They do have competition in the market, with
Teladoc being the telehealth company having
the top brand name recognition.
For the industry in general, according to
a 2020 market research report by MarketsAndMarkets,
the global market for telehealth software
and services is expected to reach $55.6 billion
by 2025, up from a forecast of $25.4 billion
in 2020 which amounts to a Compound Annual
Growth Rate of 16.9%.
The main drivers for this expected growth
are reported to be a sharp increase in the
monitoring of chronically ill and elderly
patients and improved telehealth monitoring
devices and connectivity, while providers
also continue to offer an increased number
of specialty services remotely as they seek
to improve care quality while increasing productivity
and reducing costs.
We expect the IPO on Tuesday with pricing
anticipated to be between $14 and $16 with
trading to then begin on Wednesday the 16th.
Getting away from health related companies,
we have Pactiv Evergreen, ticker PTVE. The
company has gone by a variety of names since
1959 and is the largest North American maker
of packaging for the foodservice, food merchandising,
and beverage industries, and according to
nasdaq.com, has a #1, #2, or #3 market share
in 80% of its products.
According to management, the company offers
more than 13,000 products produced by 900
production lines.

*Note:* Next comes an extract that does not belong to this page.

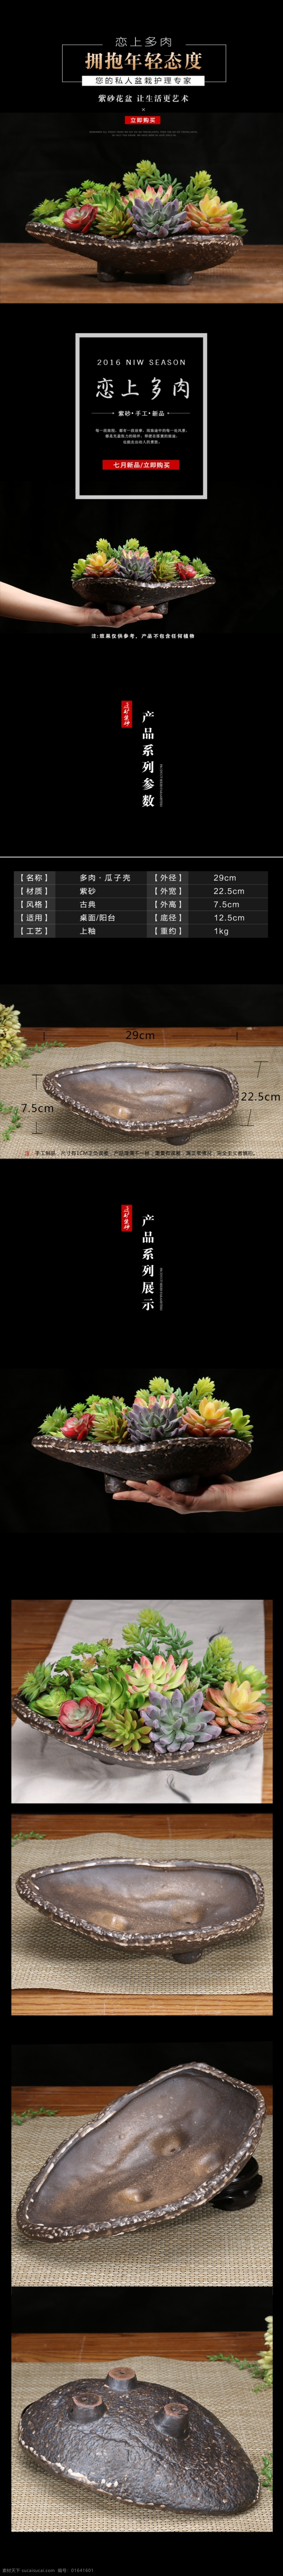 京东 天猫 淘宝 详情 页 肉 植物 紫砂 花盆 描述 图 多肉植物 小 全 手工 紫砂小花盆 黑色

The company sells its products
through distributors and directly major global
companies, with its customers including McDonald's,
Starbucks, Tyson, KraftHeinz, and Coca Cola.
From information posted on thestreet.com,
according to a 2020 market research report
by Grand View Research, the global market
for food packaging was an estimated $303 billion
in 2019 and is expected to grow at a Compound
annual growth rate of 5.2% from 2020 to 2027
with the expected growth coming from an increasing
desire for food and beverage convenience,
greater performance, improved shelf life and
a reduced environmental footprint. The company
plans to raise $800 million at a $3.4 billion
market cap, using its IPO proceeds to pay
down debt versus growing the company, always
a little red flag for me. The IPO is scheduled
for Wednesday with pricing to be set within
a range of 18 to 21 dollars. Trading will
then begin on Thursday.
The next one I’m just going to briefly mention
is Vitru, ticker VTRU, a Brazilian digital
education provider. According to nasdaq.com,
the company is a leading postsecondary digital
education provider in Brazil, offering distance
learning products as well as in-person tutoring
services. The company’s margins expanded
in the first half of 2020, though revenue
growth decelerated. From thestreet.com, Vitru’s
recent financial results can be summarized
as the company having growing topline revenue,
Increasing gross profit, but lowered gross
margin percentage, a swing to operating profit
and margin, and increasing cash flow from
operations.
The company plans to raise $258 million at
a $541 million market cap. Pricing is expected
to be set on Wednesday between $22 and $24,
with trading then beginning on the 17th.
Another one to briefly mention is StepStone
Group, ticker STEP, a global private markets
investment firm that provides customized investment
solutions, as well as advisory and data services
to clients. According to Nasdaq.com, the company
oversaw $292 billion of private markets allocations
as of June 30 of this year, though apparently
its operations were hit hard by the pandemic.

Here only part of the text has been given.